Due to its mountain backdrop, Dili is a skinny and spread-out city — it reaches probably 20km from east to west and barely a kilometre from the coast to the mountains. Colmera used to be the centre of the city, but as development grows, there are little clusters of tourist-friendly restaurants, hotels, markets and coffee shops in: Bebonuk (Timor Plaza and the Pertamina pier area), Pantai Kelapa (Castaway Bar, Letefoho Speciality Coffee, Agora Food Studio), Lecidere (Gloria Jean’s, lol, the Deck Bar, Agua de Coco, the big seaside fruit market), Farol (Black Box, Dilicious, Kaffe Uut, the tais market, Mario’s pizza – best in Dili) and Metiaut (Caz Bar and Beachside), and that Colmera-adjacent area where the Pateo Supermarket complex blooms is also great for coffee, steak and souvenirs.
Timor-Leste money
The areas Bebonuk, Pantai Kelapa, Farol, Pateo supermarket area (what’s that suburb called?) and Lecidere are, coincidentally, all the suburbs that host or have previously hosted an ANZ ATM — the ATM of choice for visiting foreigners, because it’s the only one that accepts MasterCard.
Farol is the Portuguese word for lighthouse, and that suburb — the one in which I live — stretches inland from this point.
ANZ is actually closing all of its retail services as of tomorrow, which means visitors with MasterCards will either have to bring fat wads of cash to pay their way (credit card transactions are nearly non-existent here; almost everything happens in cash), or get a Visa card (those pre-paid debit cards from your bank are usually Visa), which you can use at either of Dili’s other ATM options: from the Indonesian bank Mandiri or the local BNCTL (December 2018 update: MasterCard is still not accepted in Timor-Leste — bring USD cash or a Visa card).
Timor-Leste uses the US dollar (bring the smallest and newest notes you can find; only big restaurants and supermarkets will have the change that lets you buy a $2 item with a $20 note and people don’t accept notes older than I think 2006), and also has its own currency, the centavos, for denominations of $2 and smaller (the centavos has the same value as the USD).
Despite the dollar, tipping isn’t at all common here like it is in the US — it’s not expected, and it’s not rude to not tip.
Timor-Leste visa
My last point, which likely should have been my first.

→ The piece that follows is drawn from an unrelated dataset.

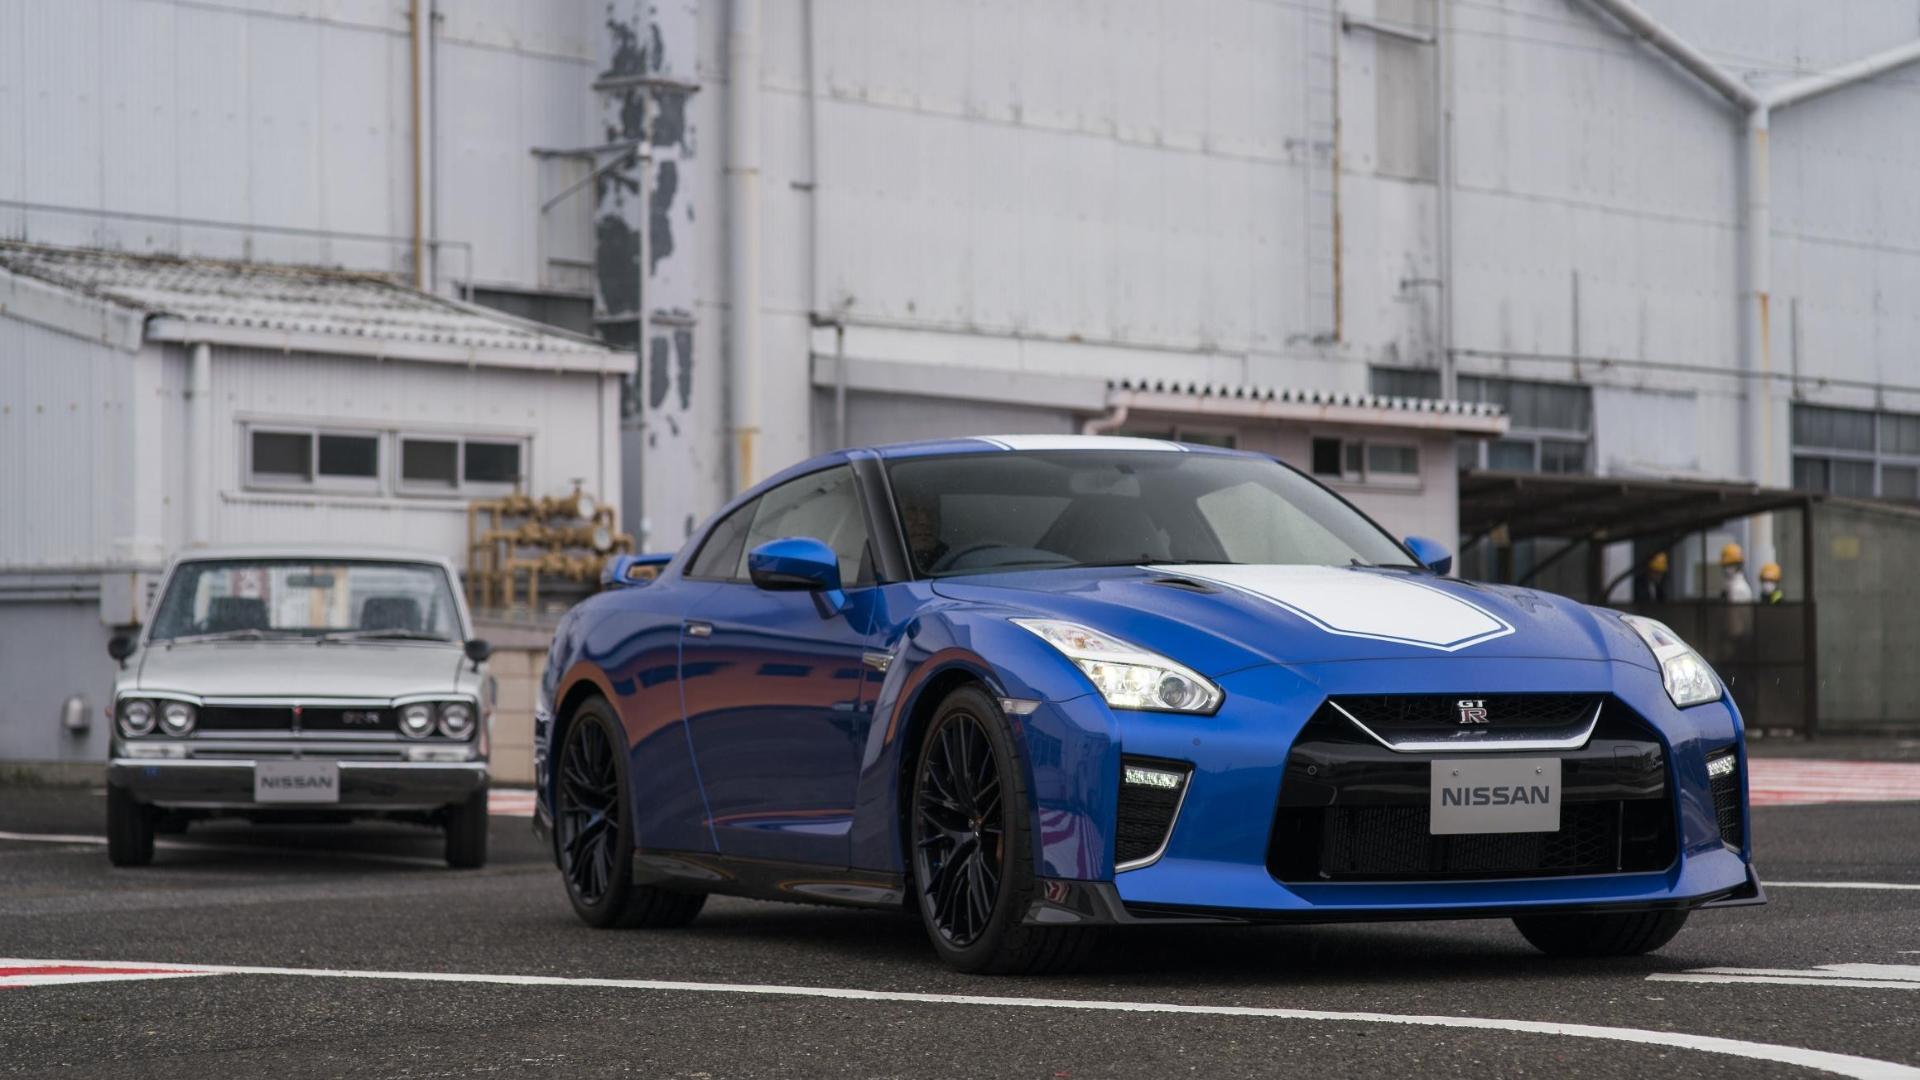 Nissan sports cars

Citizens of most countries get a US $30, thirty-day tourist visa on arrival at Dili airport; no need to organise ahead of your trip, and I’ve heard European Union passport holders are actually visa-exempt.

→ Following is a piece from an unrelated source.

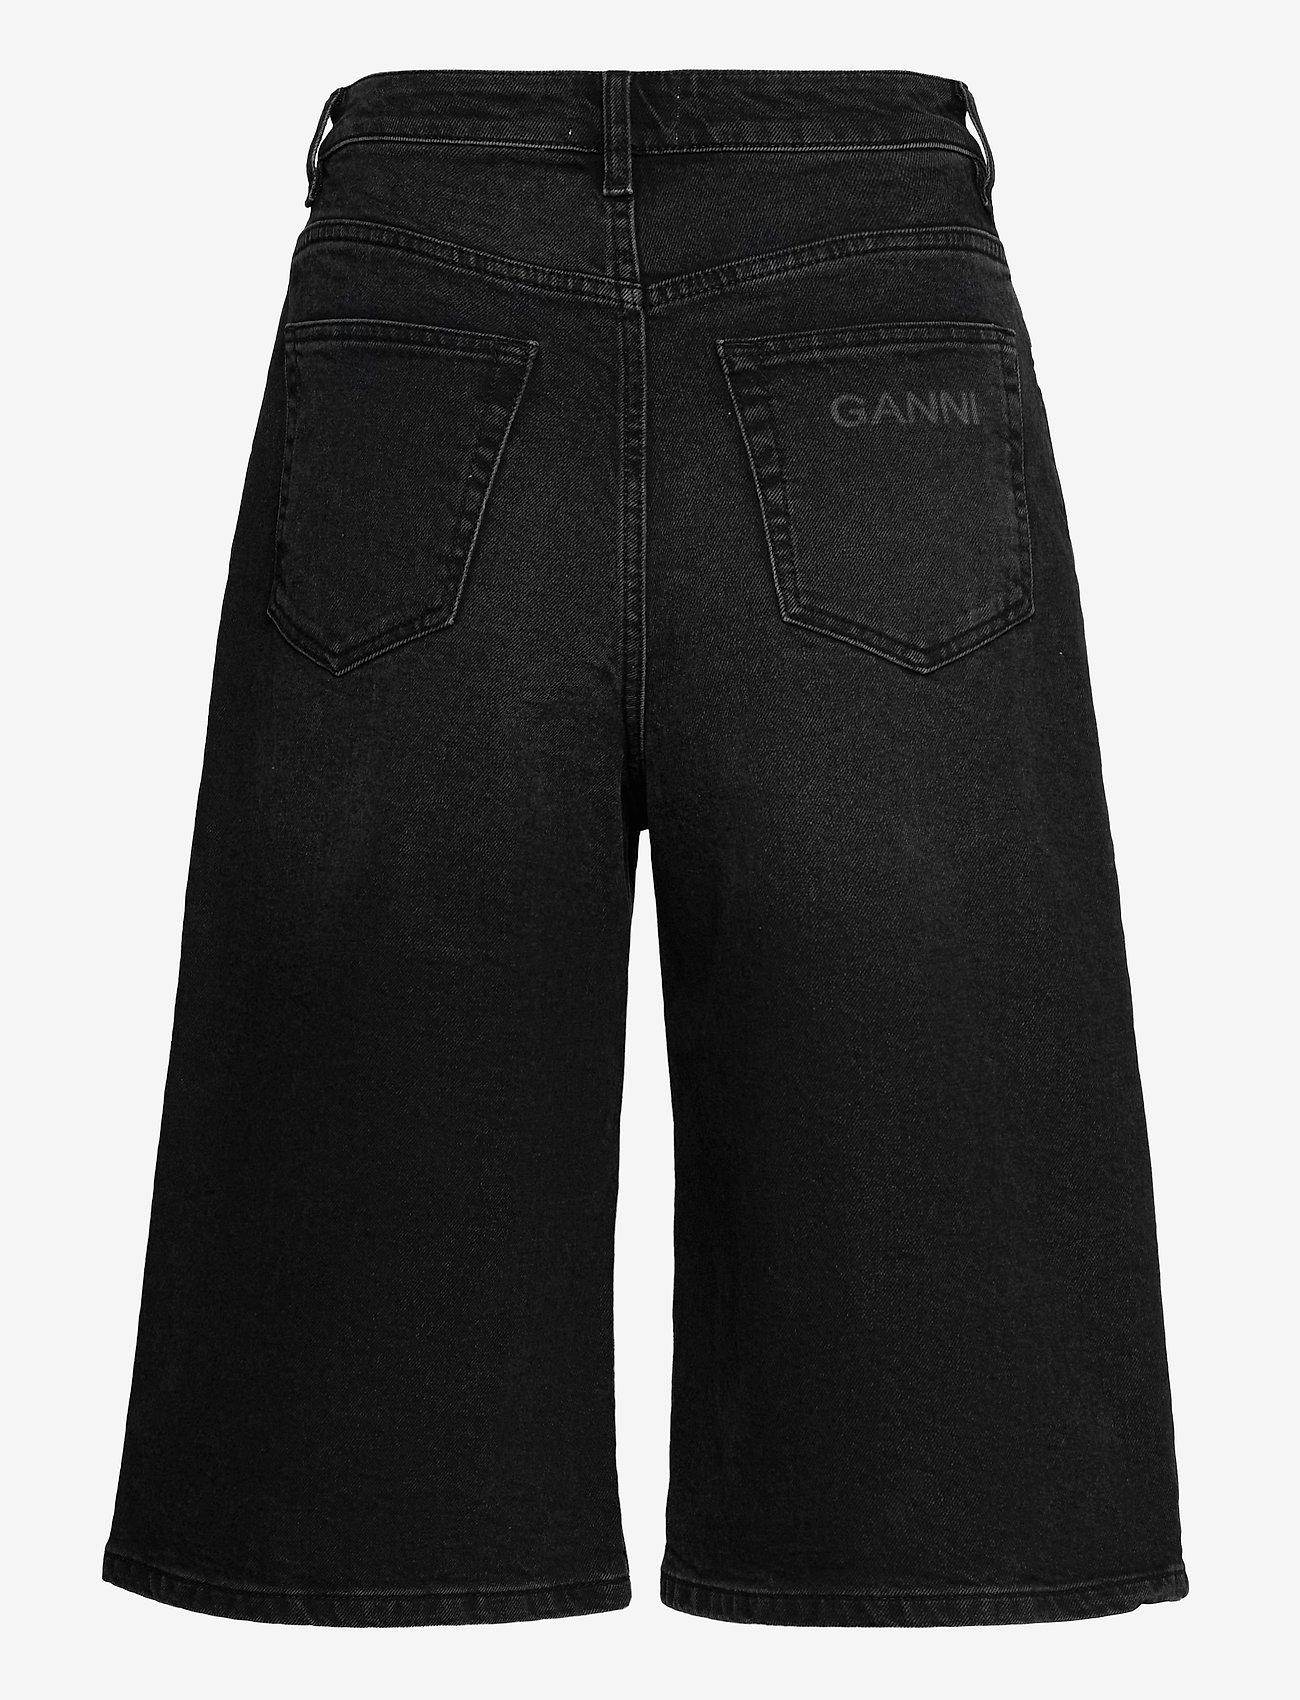 Ganni - Comfort Stretch - denimshorts - black - 1

But do check with your embassy, because I’ve heard stories of friends-of-friends who have had to suddenly supply letters from the Timorese government authorising their entrance to the country.
It’s beautiful, easy to get to, and takes barely any planning. Visit Timor-Leste.
I love living in Dili, and I think my life here very easy, but I do remember how difficult it felt in those first early days (you can read more about my first 24 hours and first weekend in Dili). I hope this post makes it slightly easier for any other new arrival — and for those here for a while, please do let me know how I can update this post to make it more useful!